> Records supplied:
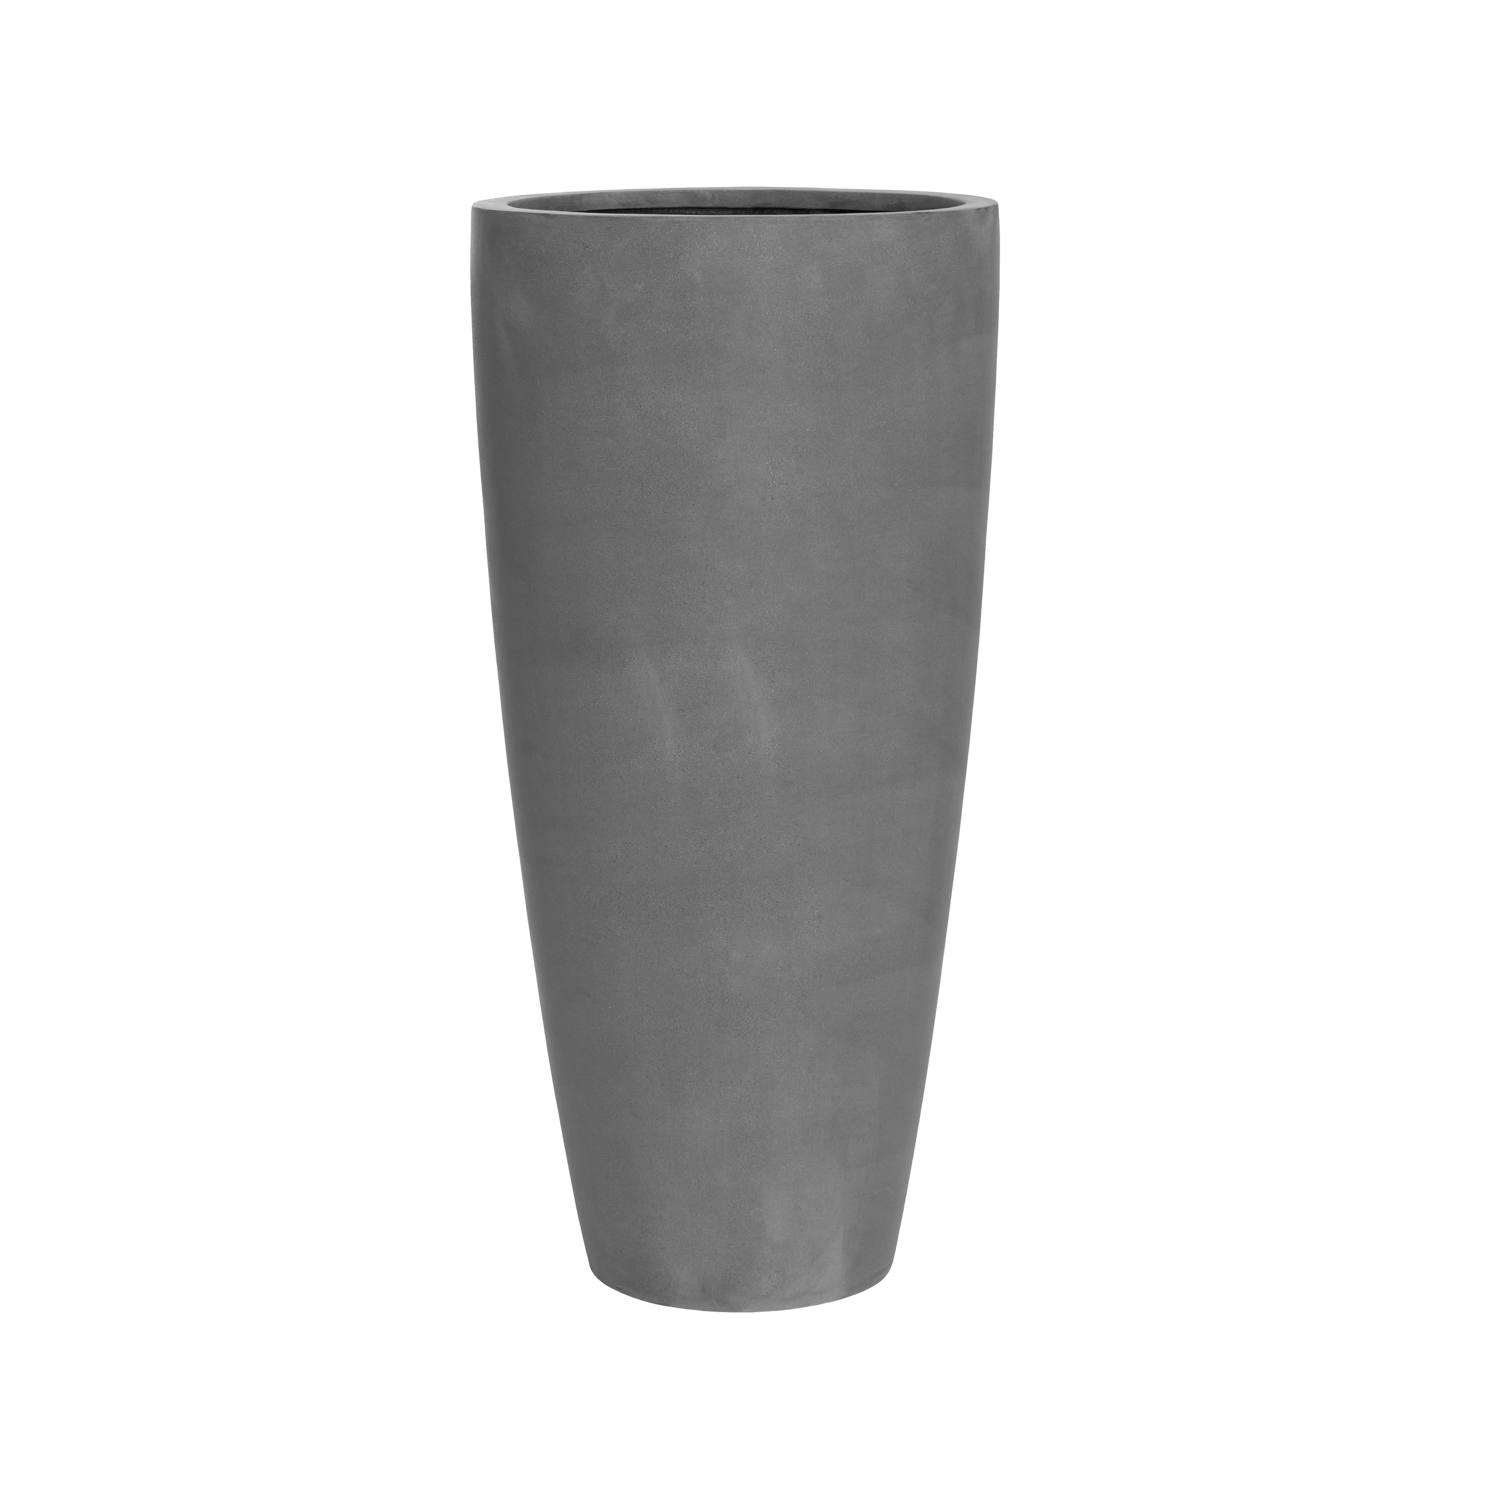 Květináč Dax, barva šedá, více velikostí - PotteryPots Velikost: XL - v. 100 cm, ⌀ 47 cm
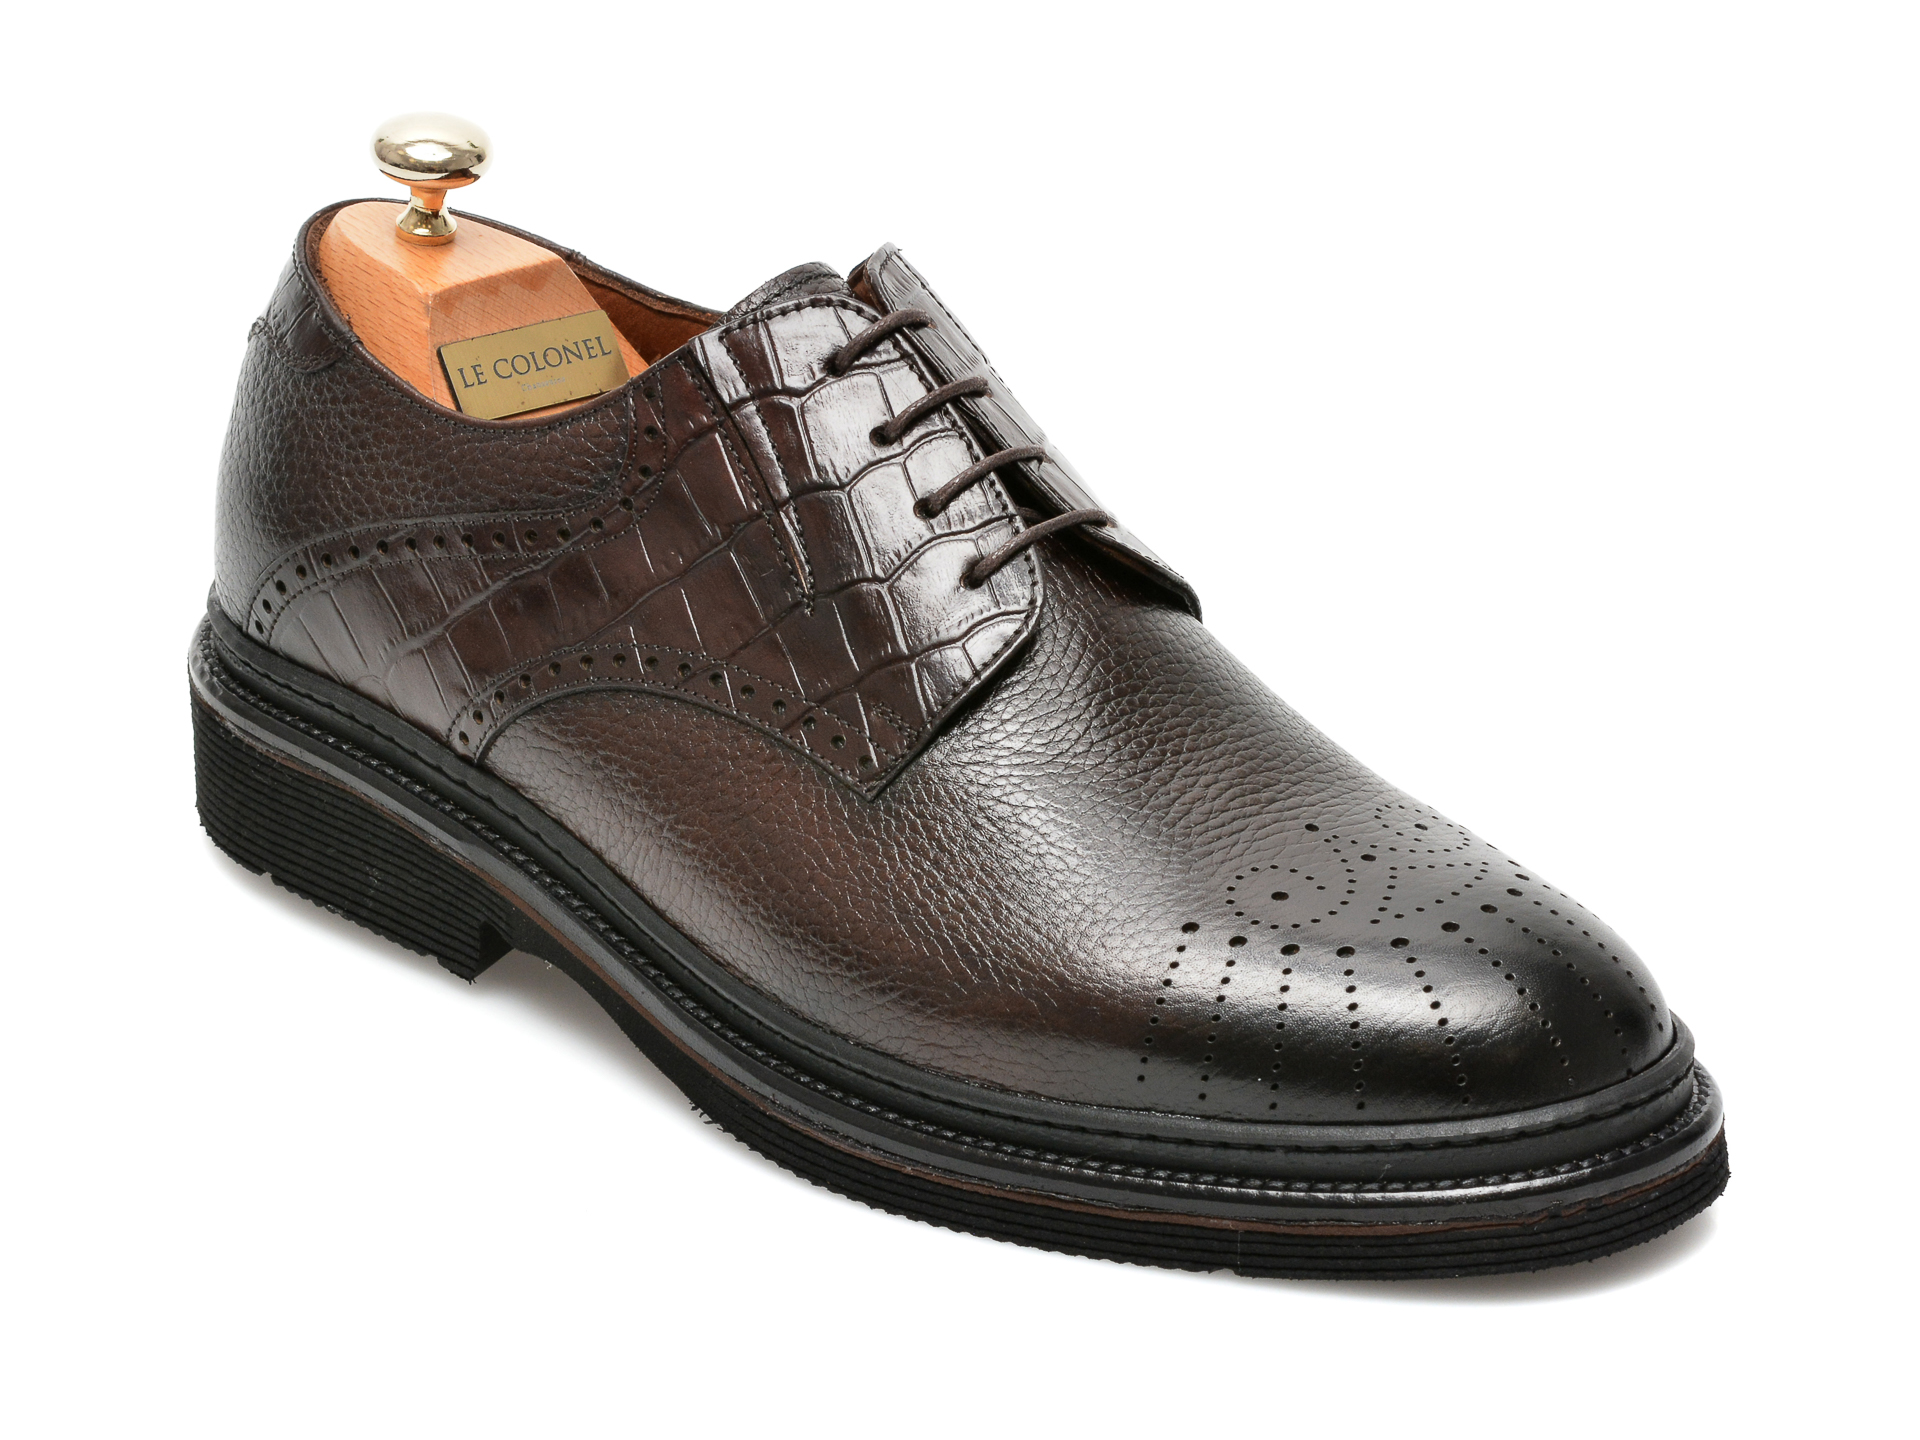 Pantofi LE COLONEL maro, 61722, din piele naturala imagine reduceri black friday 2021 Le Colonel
---
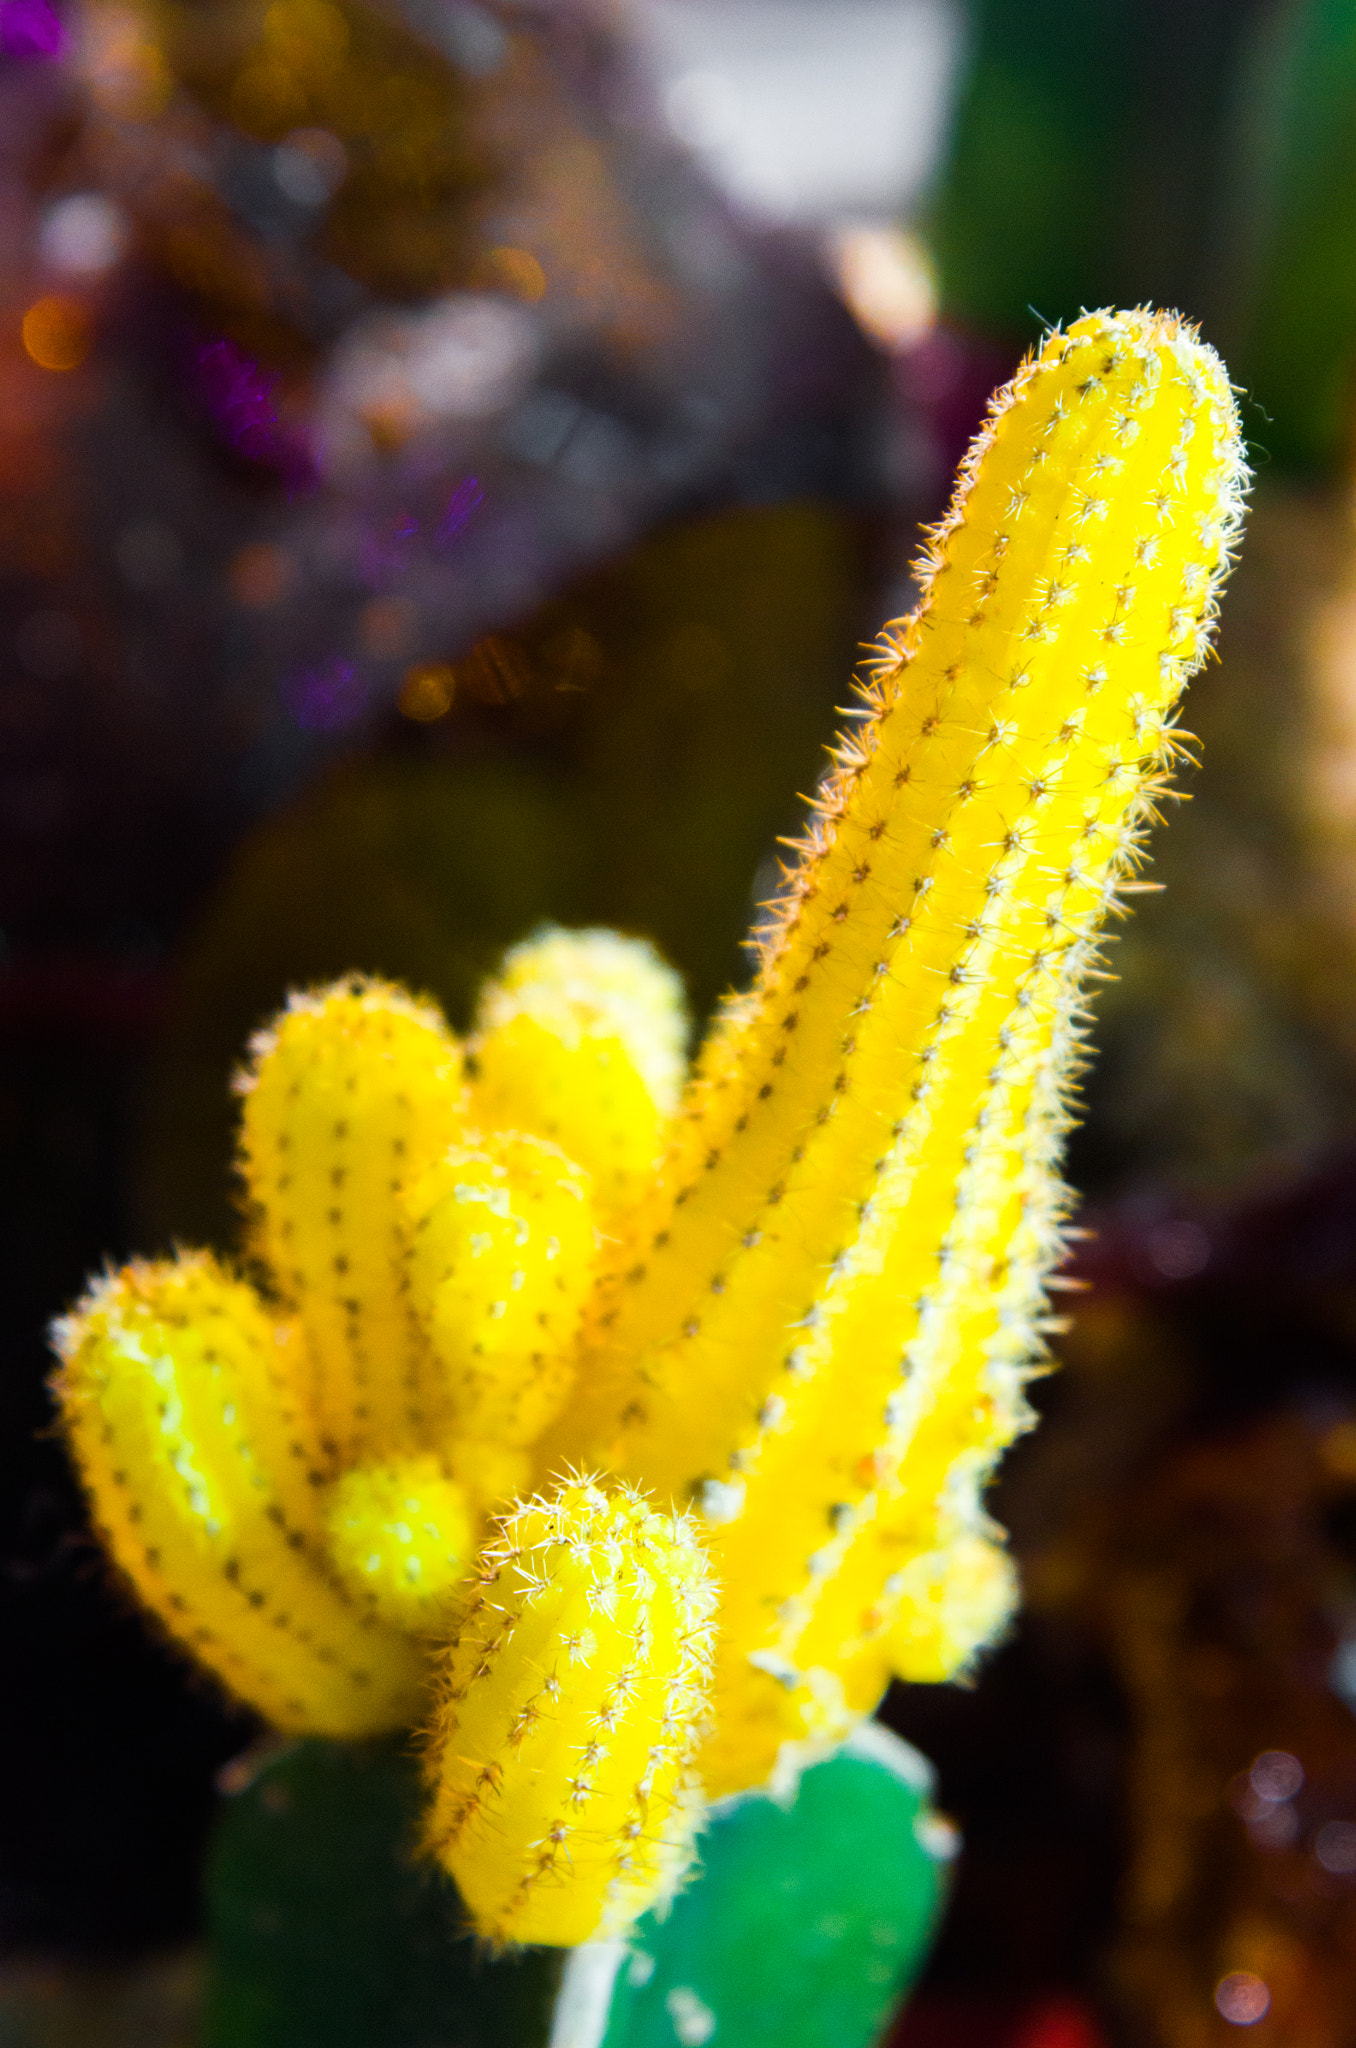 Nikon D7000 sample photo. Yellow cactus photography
---
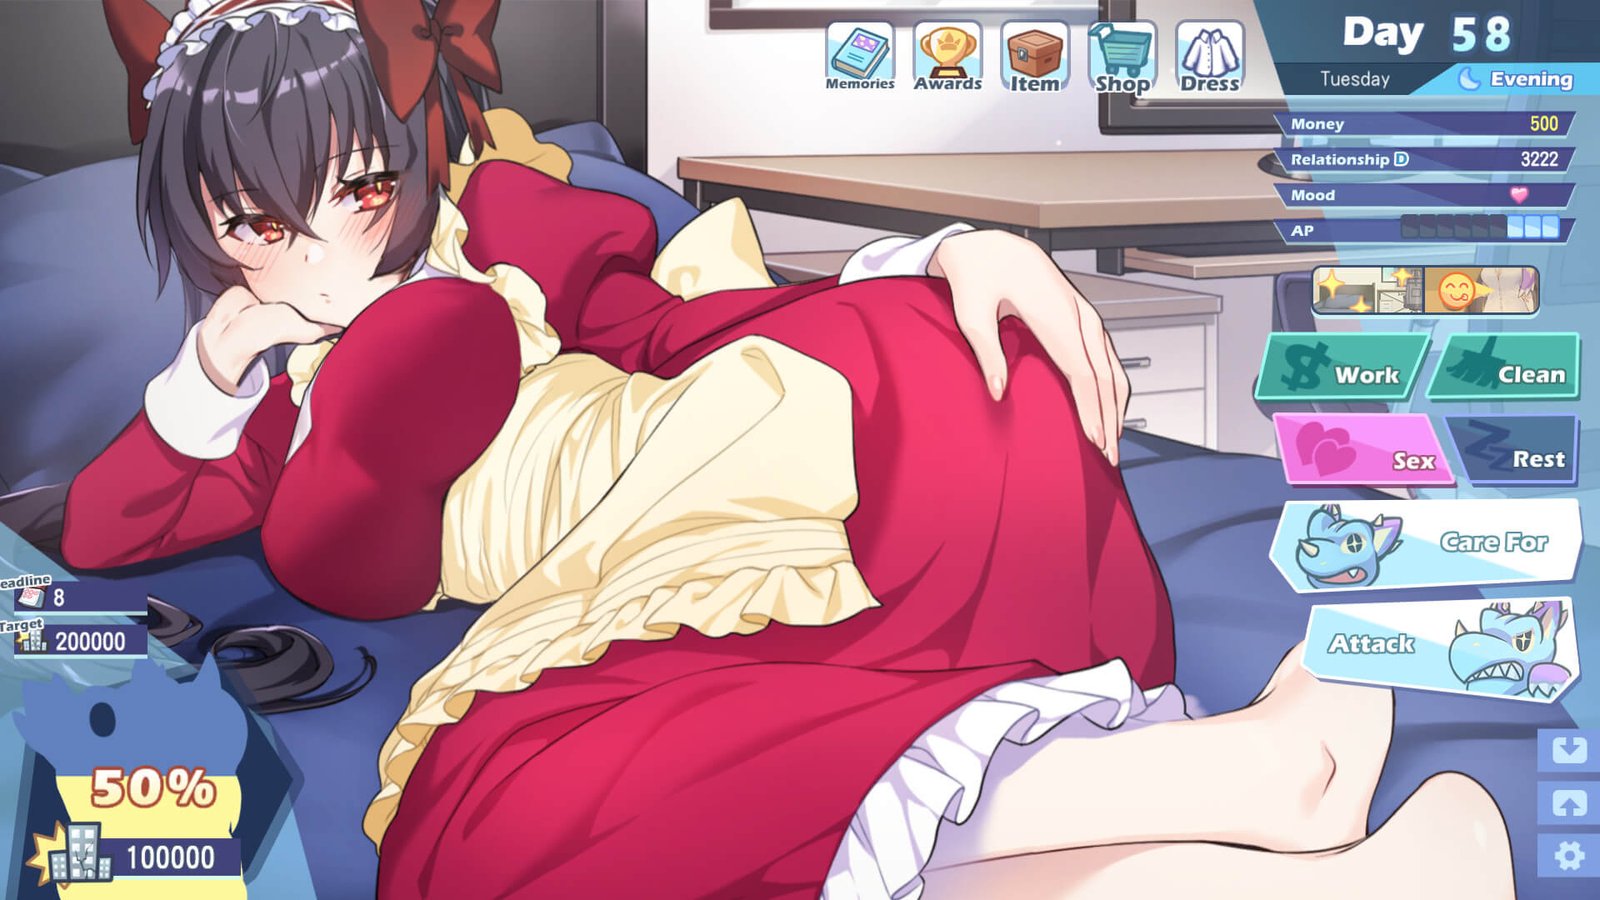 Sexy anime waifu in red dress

> Activity:
Line for line, output the entries above from the line with "Květináč Dax, barva" to the line with "Pantofi LE COLONEL", both included, and nothing more. Skip pictures.

> Written reply:
 Květináč Dax, barva šedá, více velikostí - PotteryPots Velikost: XL - v. 100 cm, ⌀ 47 cm
 Pantofi LE COLONEL maro, 61722, din piele naturala imagine reduceri black friday 2021 Le Colonel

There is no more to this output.